While we need not reach the second issue on appeal, we hold that damages awarded were disproportionate to the injuries proven. From the report, the trial judge took extensive evidence on the damages suffered by the plaintiffs and was well within proper boundaries in that the damages *74awarded were not excessive or an abuse of discretion especially in view of the facts that both plaintiffs suffered permanent disabilities.

It appears that a fair reading of this quotation indicates that a negative was omitted from the first sentence and that the court actually refused to conclude that the damages were disproportionate.

Whatever authority there may be for us to reverse on the basis that the damages are disproportionate, this authority should be exercised sparingly. See Freeman v. Marchi, 30 Mass. App. Dec. 114 (1965). This is especially true in a personal injury case where the Trial Justice has had an opportunity to view and hear the witnesses. A Report cannot communicate the true measure of damages. Thus, we decline to take any action based upon the claim of disproportionate damages.

III. & IV. The third and fourth claims of error relate to causation and the denial of Requests for Rulings that state that

Any negligence which may be found on the Defendant... is not the proximate cause of the damages ... incurred after the January 26, 1985 accident....

The Trial Justice denied each of these requests.

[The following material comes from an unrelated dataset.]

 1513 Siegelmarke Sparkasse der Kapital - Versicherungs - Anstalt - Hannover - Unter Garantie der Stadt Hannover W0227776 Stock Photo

Clearly, the plaintiff has the burden of showing that the negligence of the defendant is the cause of the damage. Once again, this is a question of fact, and these requests are in essence requests for findings of fact A trial justice does not have to act on requests for findings of fact and the denial was thus proper.

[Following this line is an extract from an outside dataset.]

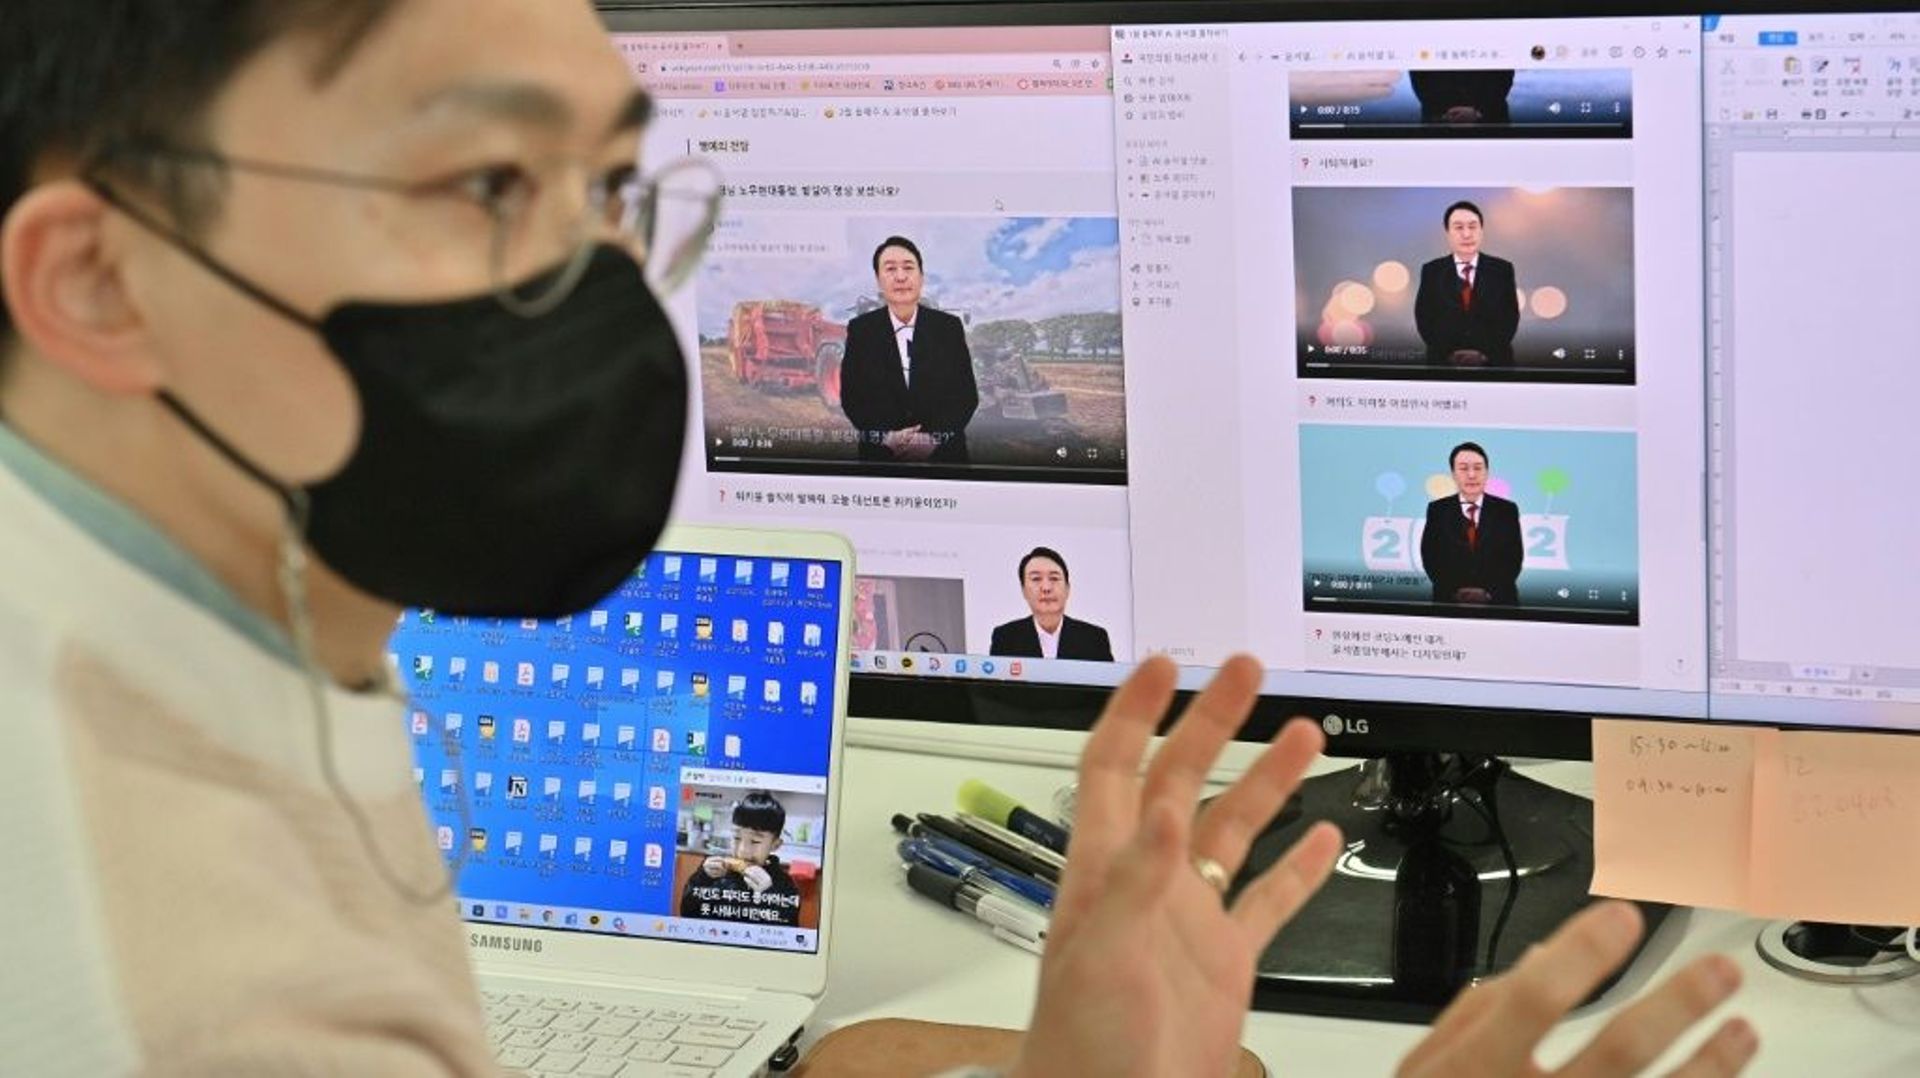 Baik Kyeong-hoon, directeur de l'équipe "AI Yoon", réalise un clip vidéo avec l'avatar numérique du candidat à la présidence Yoon Suk-yeol, le 7 février 2022 à Séoul, en Corée du Sud

V. The last claim of error relates to the exclusion from evidence of certain medical records allegedly contained in the file of the insurance company of the second accident. The defendant asserts that the Trial Justice refused to admit the records and claimed a report The Report includes a transcript of the lengthy colloquy. However, portions of the tape have apparently been lost. From the transcript provided, the clear indication is that the Trial Justice was prepared to admit the records, but they could not be located by the witness. To the extentthatthe Report does not contain the entire colloquy, the defendant has failed to follow Dist./Mun. Cts. R. Civ. P., Rule 64(a) which requires the request to

be reduced to writing and filed with the clerk... The written request for report shall clearly identify the question, answer (or offer of proof), or physical evidence and the related ruling which was the subject of the objection.

This procedure substantially predates the recording system of the District Court Thus, any failure of the recording system does not justify a failure to comply with the Rule.

Accordingly, the issue is not properly before us.

The case is remanded to the Trial Justice for further findings in accordance with this opinion.